The central concern of this article, however, is to understand the immediate nature of the sexual violence against women that has shaken the conscience of all right-thinking people. Only the most heartless and self-centred can remain silent or indifferent. The most disturbing aspect of the emerging narratives around the sexual attacks are those that detail the role played by sections of women in the attacks. The name of the Meira Paibis has been maligned for their alleged role in the sexual attacks on women, particularly in the clashes that took place between a Meitei mob and Kukis in the Nongpok Sekmai incident on May 4. Whether its women were bystanders or participants in the atrocities, it is difficult to absolve this legendary women’s organisation of its responsibility. This is an issue the Meira Paibis will have to engage with, not right now perhaps, but when the situation cools down, and do their own serious post-mortem on their actions, which will remain a blot on all Meitei women for a long time.

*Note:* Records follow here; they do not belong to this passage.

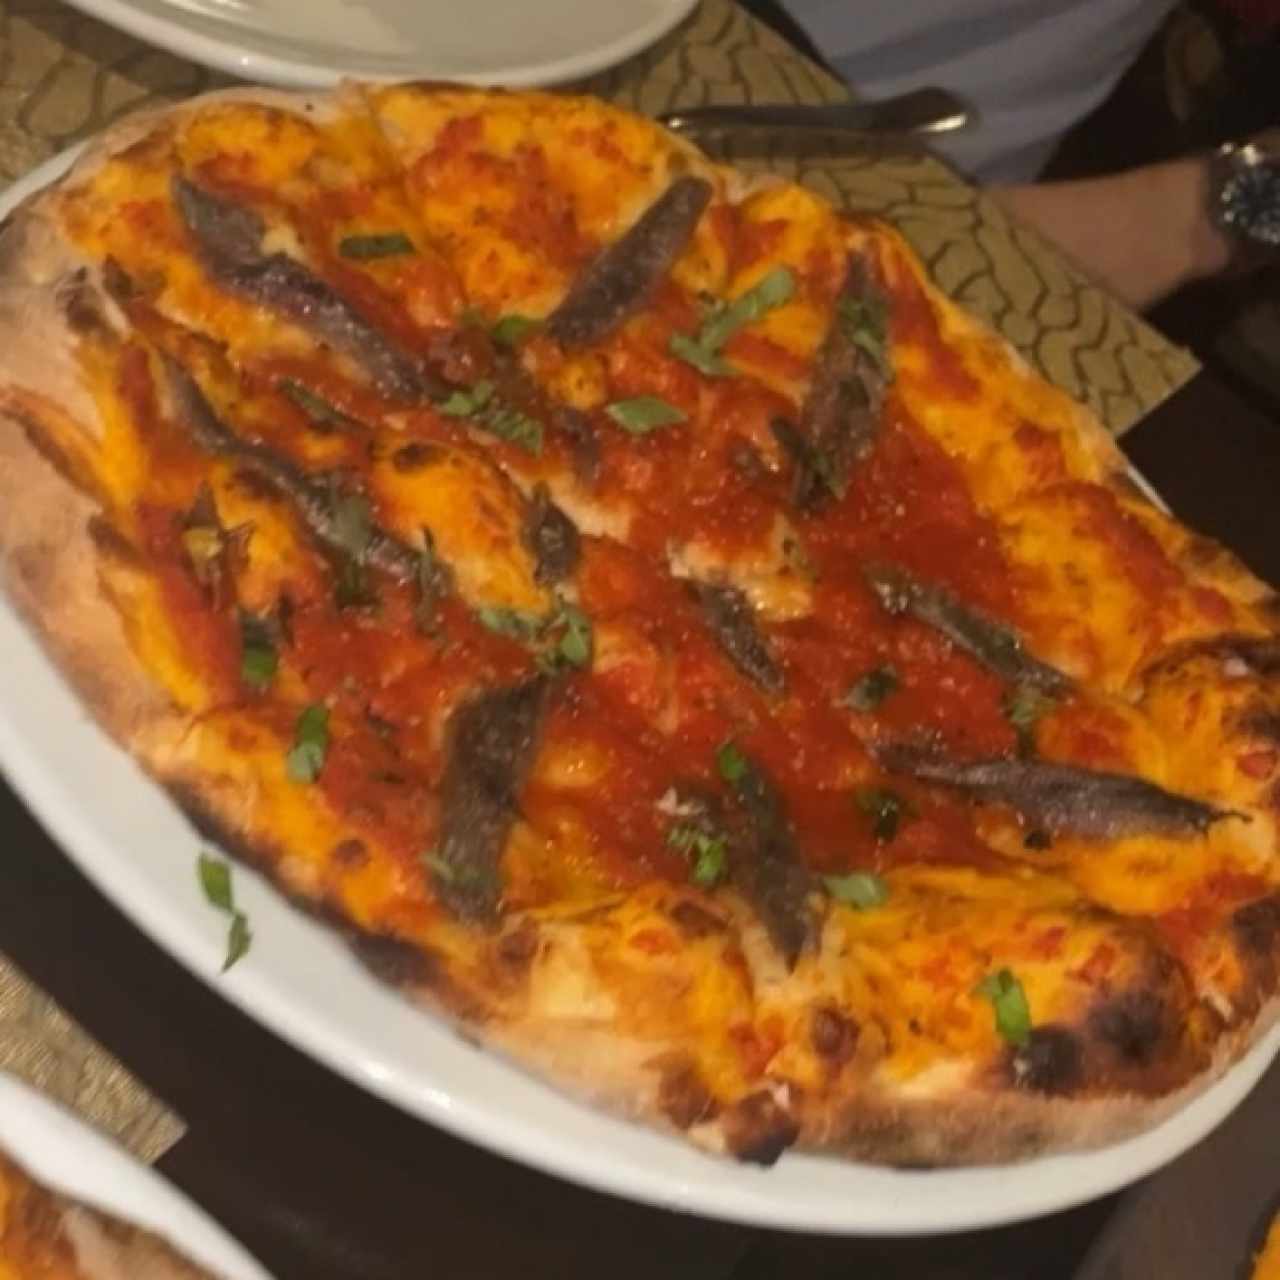 Pizza napolitana
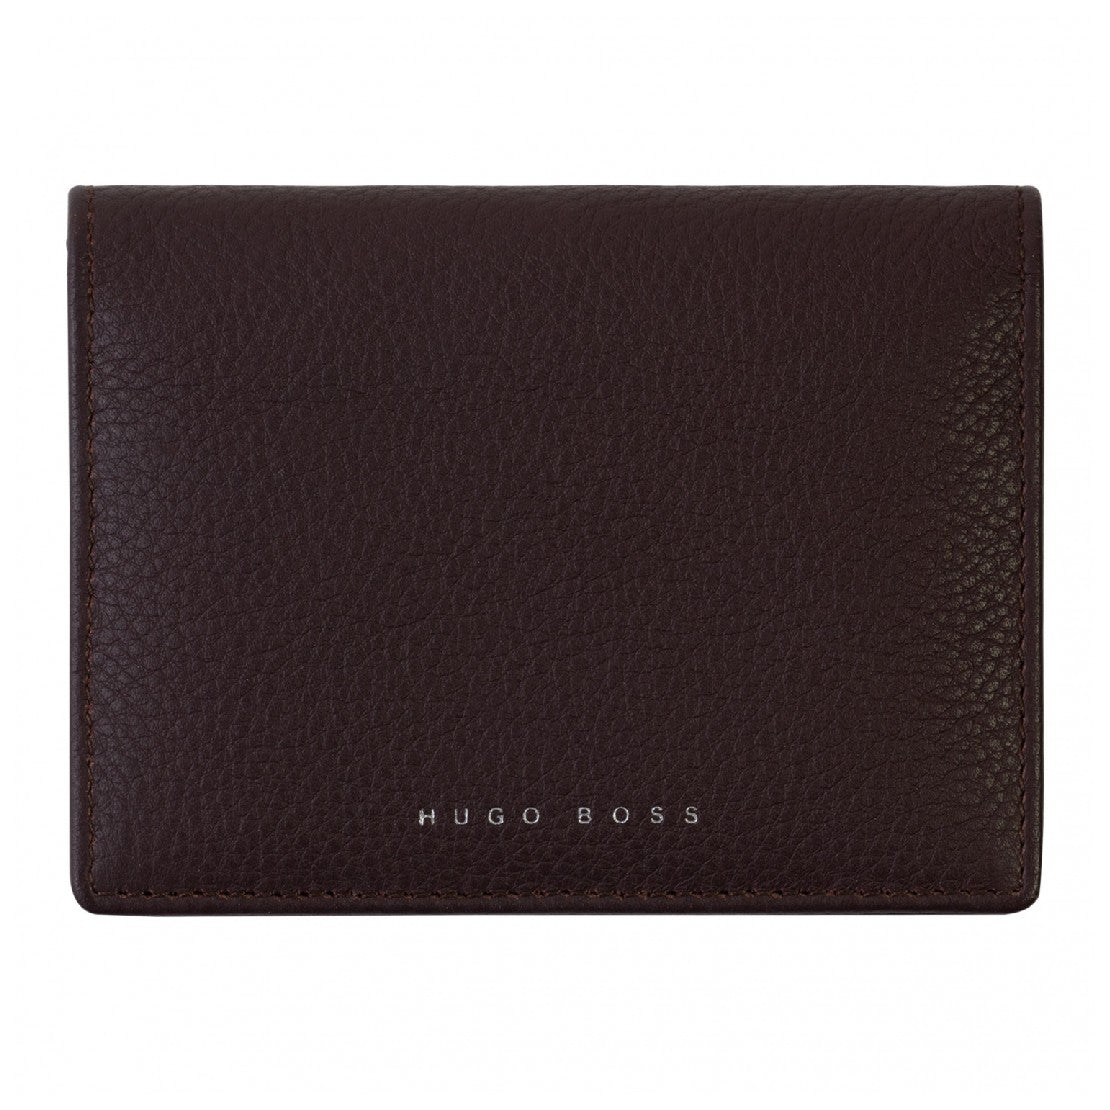 Burgundy wallet from Hugo Boss - HBCH-0003
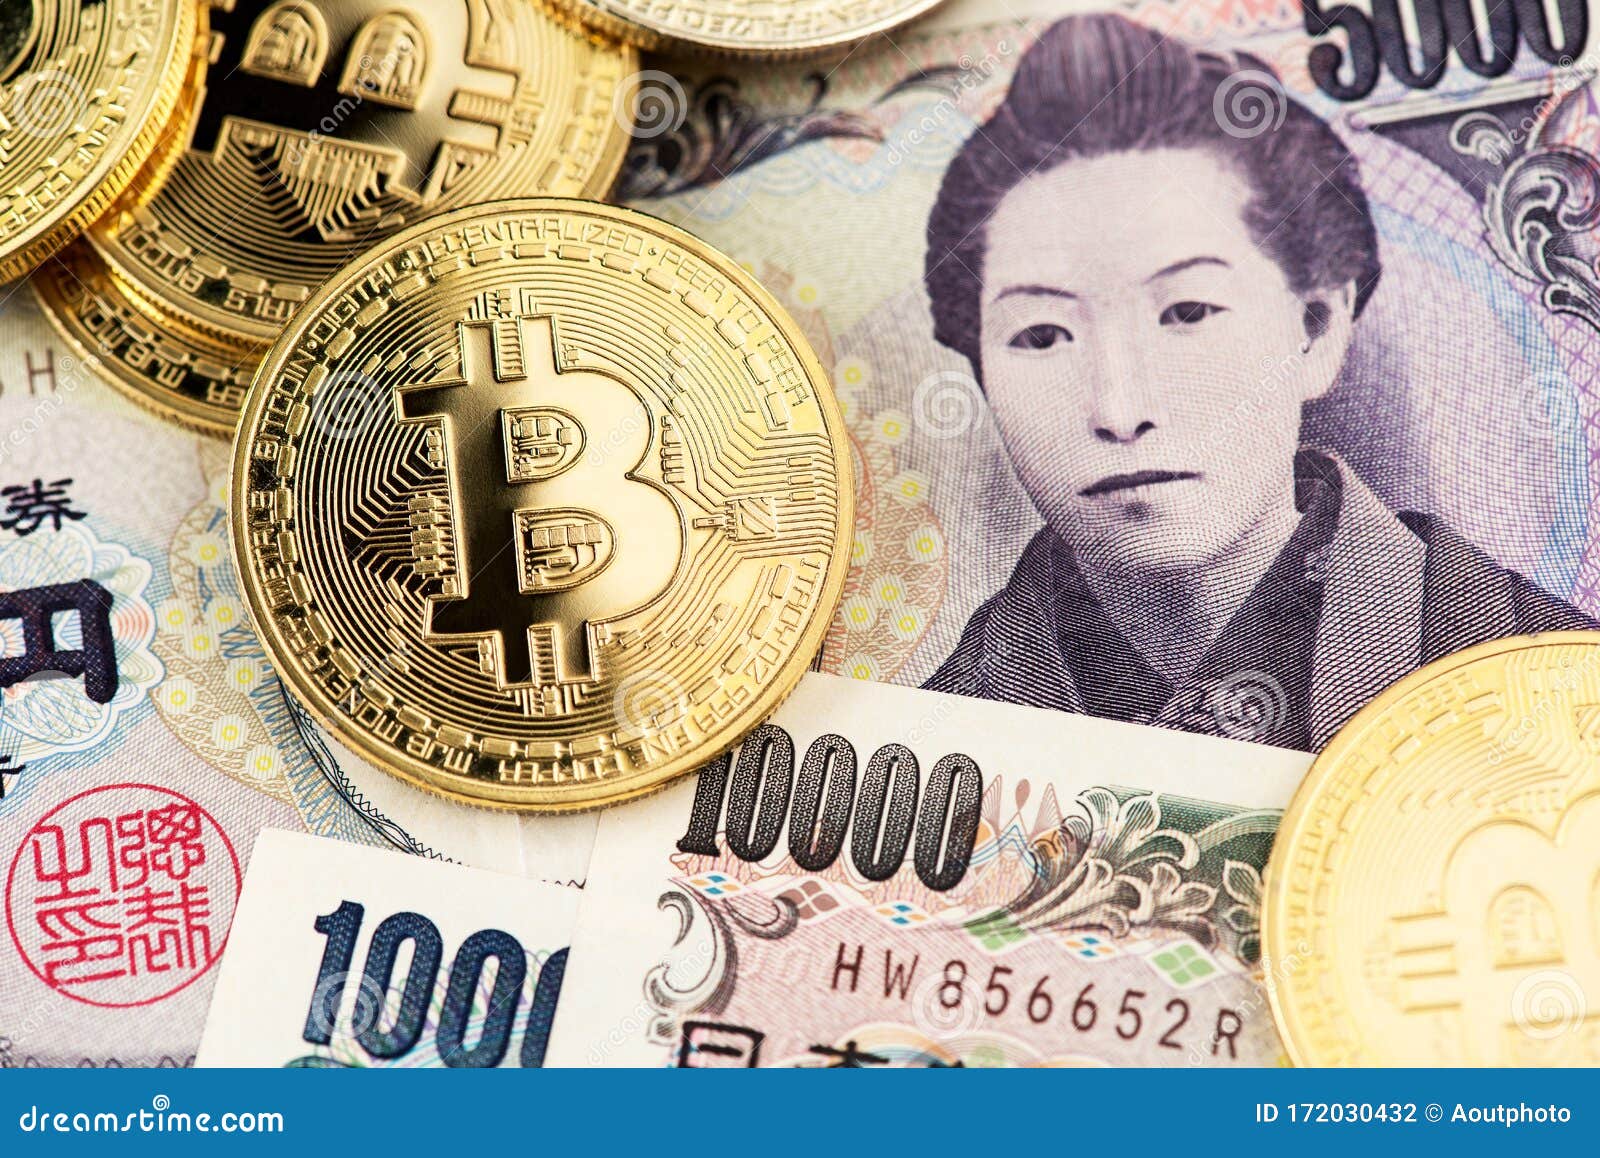 yen crypto coin

From the available information at the moment, there appear to have been 11 incidents of sexual attacks on Kuki-Zo women by Meitei men, which the Chief Justice of India has taken note of. There is no clear picture yet of similar cases against Meitei women. It has been reported that one of the leaders of the Meira Paibis has upheld these sexual attacks as justified in a situation of war. This comes from a tweet by @bliss_Singson, whose account has since been withheld in response to a legal demand. There is, therefore, confusion, obscurity, and an insensitive and complex situation that is difficult to understand from a gender perspective.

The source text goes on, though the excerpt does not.